Sunday, April 10, 2016

Opening up to possibility when you feel paralyzed


Publicly, and even with good friends, I laugh off my paralysis about making big decisions.  "I can over-think anything."  I pretend, without saying so explicitly, that my discomfort with big decisions is just the shadow side of being smart.  I think too much.

Well, THAT'S obnoxious.  This psychological deflection is because I am avoiding harder truths, but it's still obnoxious.

So I am publicly admitting that I do this rude thing and that I will stop.

For the rest of this reflection to make sense, you need to know a bit of the back story.  I stayed in a marriage that was abusive and emotionally crippling.  At first, I was afraid of what might be on the other side of ending the marriage; uncertainty kept me there.  Eventually, though, the abuse worked.  I was grateful to be in that dark marriage because I believed he was right about me.  I was entirely certain that I couldn't survive on the other side.  The thing about walking that path with an abuser is that he needs a strong opponent to feel strong himself.  Once I was no longer strong, I was used up.  Being discarded was inevitable.  And I lied about it - to myself and everyone else.  I spun a tale - quite an effective one, as it happens- that we were happy and healthy and having fun.  I desperately needed that to be the story.

I have feared big decisions and uncertainty for a long time -possibly always-  and apparently to the point where I will hide behind untruths to avoid confronting them.  Who is this crazy woman??  And of course, that fear led straight to the heap of woe that doesn't take a rocket scientist to predict.  Had he not left me, I would still be in that marriage, I am quite sure of it.  Generous, loving friends have tried to reframe what I did as loyalty.  I stayed because I am fundamentally a good person, the story goes.  Thank you, dear ones.  I love that you see me that way, but I stayed because I was paralyzed by uncertainty and fear.

Obviously then, there is no lack of evidence that paralysis rooted in uncertainty does not serve me.  And yet.... I am doing it again, and this time without the excuse of an abuser in my life.  This time, it's on me.  There is a nagging feeling and mounting external evidence that it's time for me to make more life changes, and I'm resisting.  Who's surprised?  This time, though, I have the advantage of knowing that I can survive disruption.  It took lots of people lots of effort, true enough, to get me through that first disruption.  But eventually I was strong enough to take over the work myself.  We're here now, and it's better than "there" ever was.

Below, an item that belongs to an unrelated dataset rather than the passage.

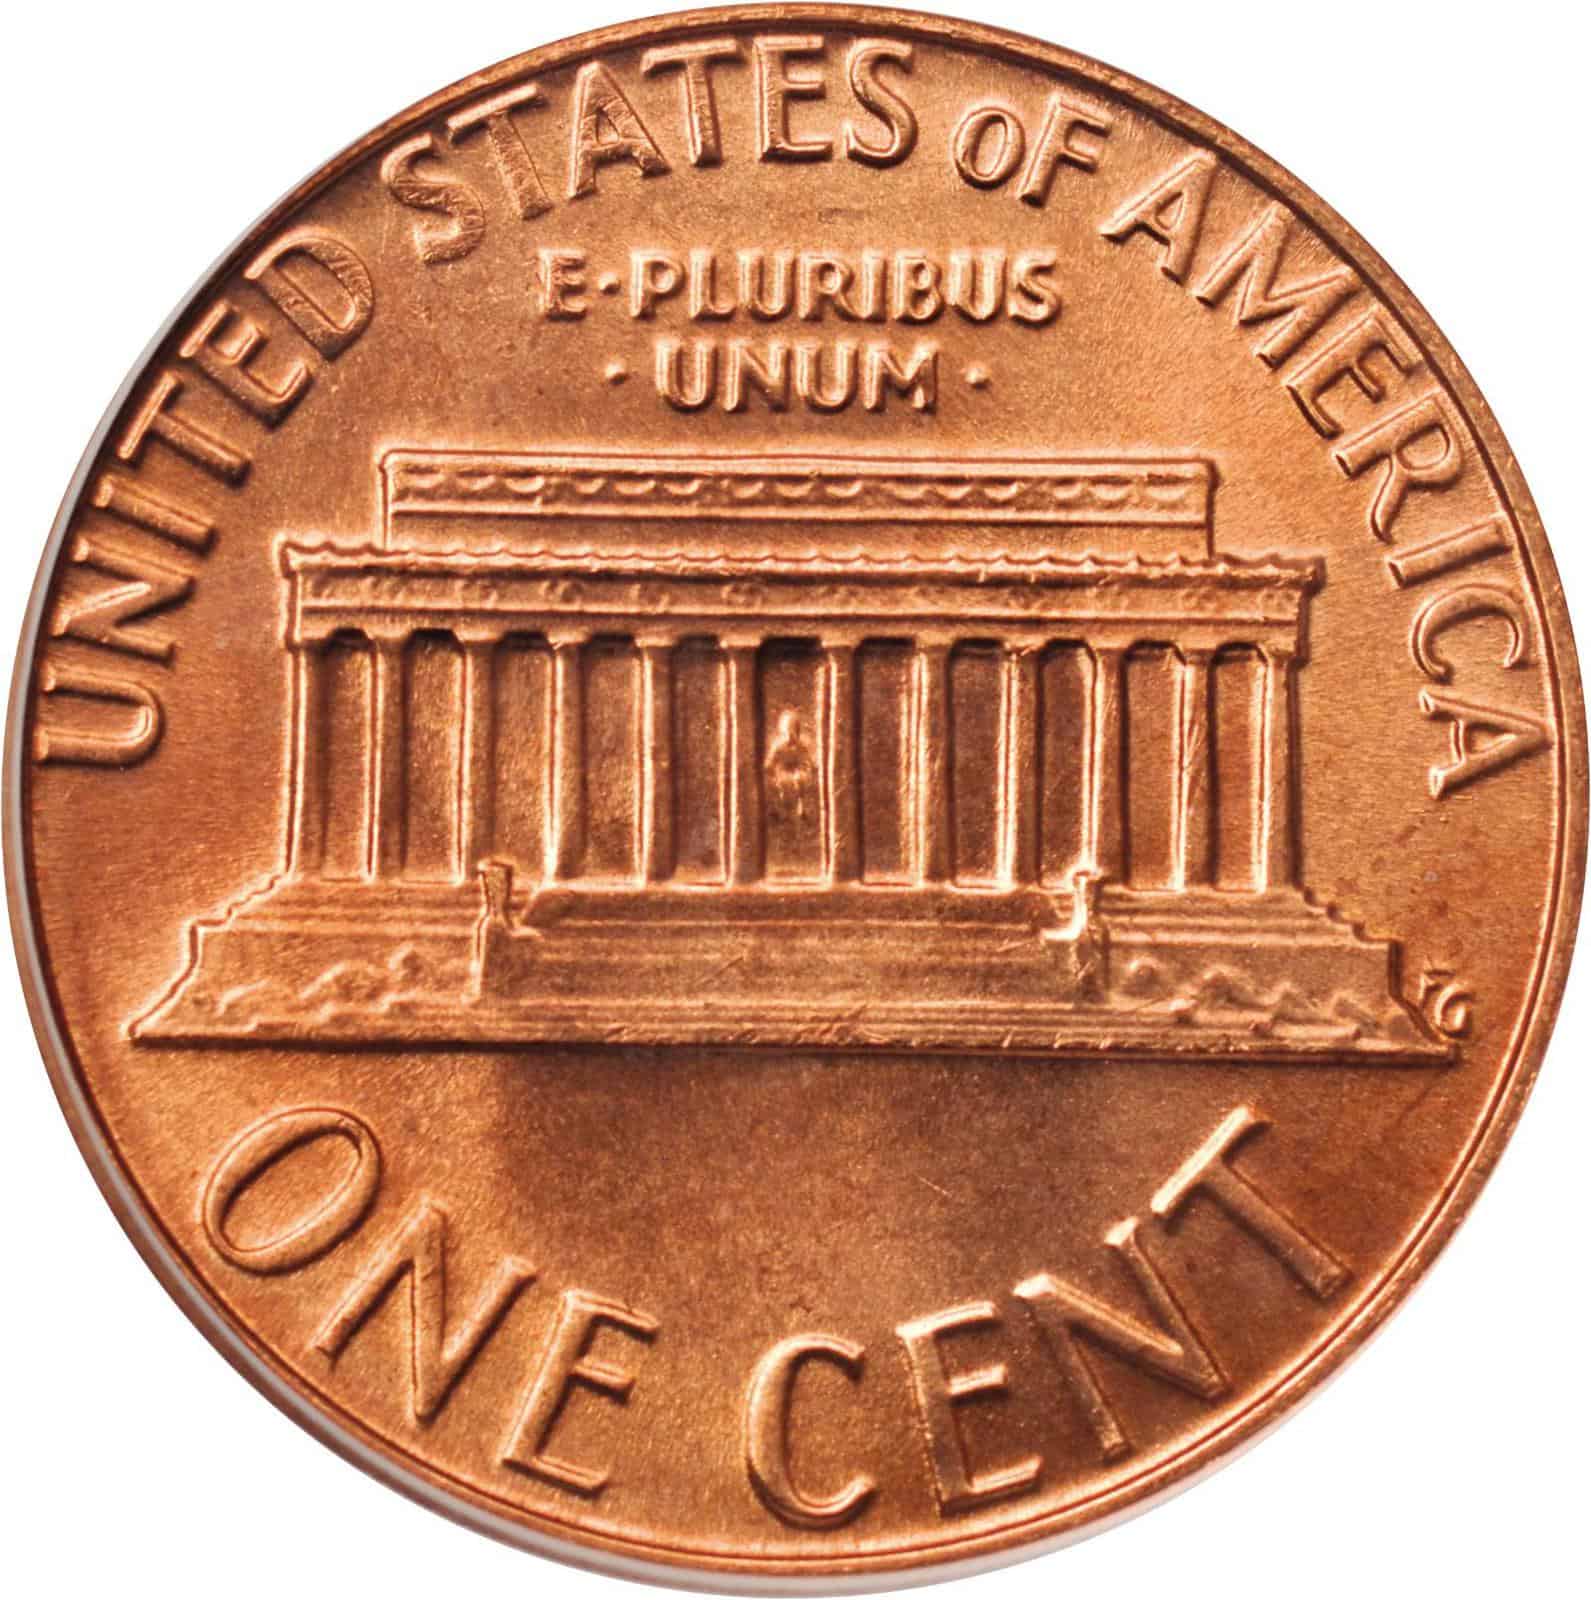 The Reverse of the 1980 Penny
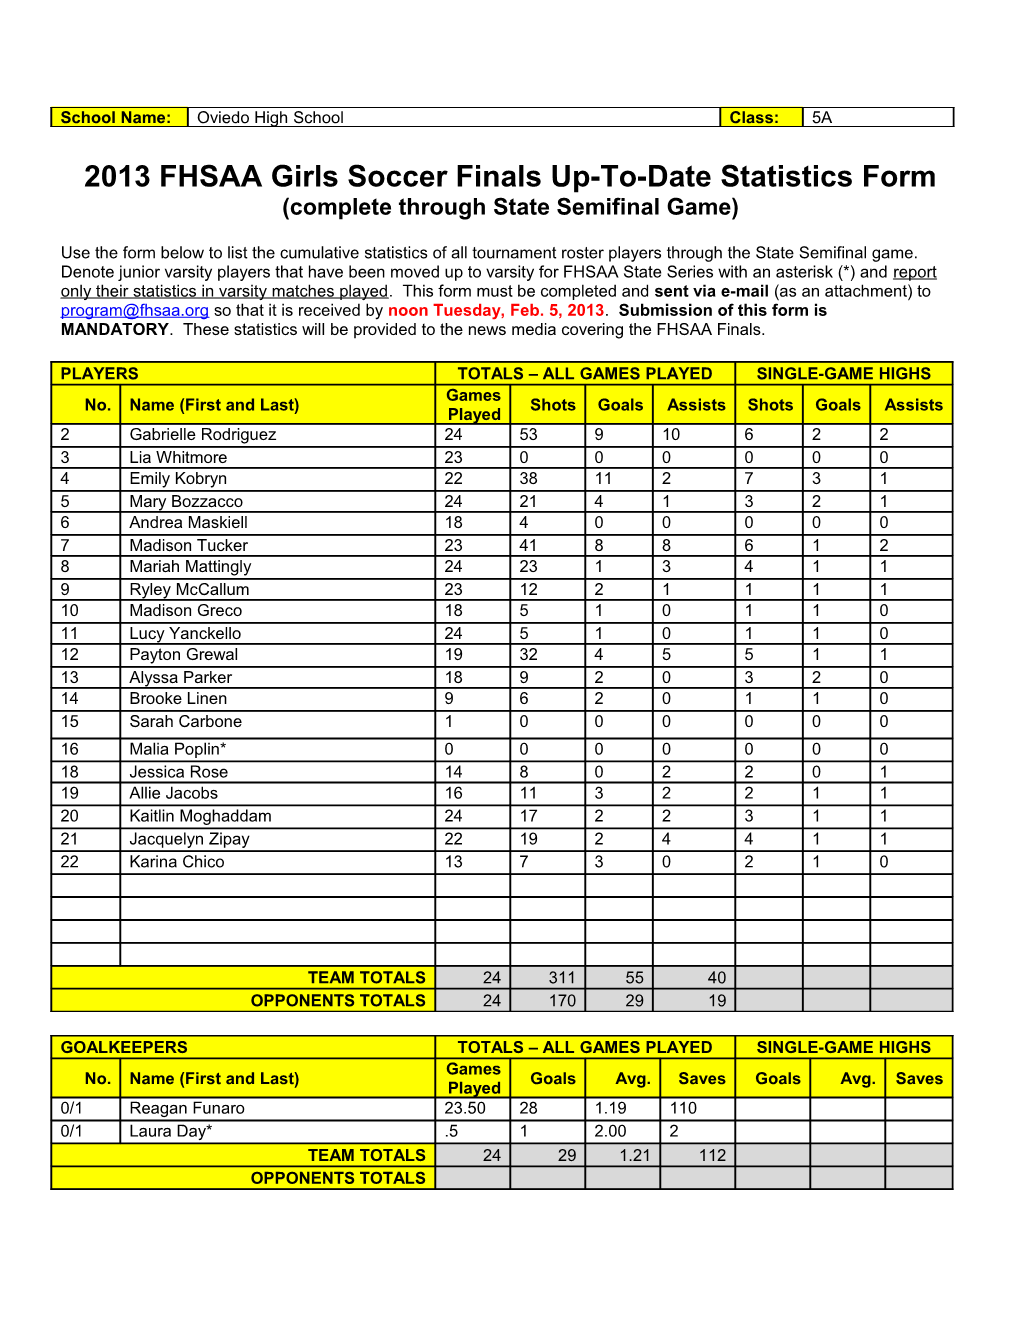 2013 FHSAA Girls Soccer Finals Up-To-Date Statistics Form

I also know a little about how I got through that disruption; I now have a skillset of a sort.  I took baby steps.  Absurdly small steps sometimes.  But forward motion is forward motion; even small steps set a trajectory.  My job right now is just to take a step forward, not to have all the answers.  Nine years ago, I could not have envisioned this marvelous life I now have.  Literally, I did not have the tools to even imagine the changes I have experienced.  I knew barely enough to take baby steps away from terror and pain.  This time,  all I have to do is take steps from the marvelous vaguely toward the more marvelous.  Even I - fearing uncertainty as I do- understand that this moves takes less courage than the first one.  Baby steps.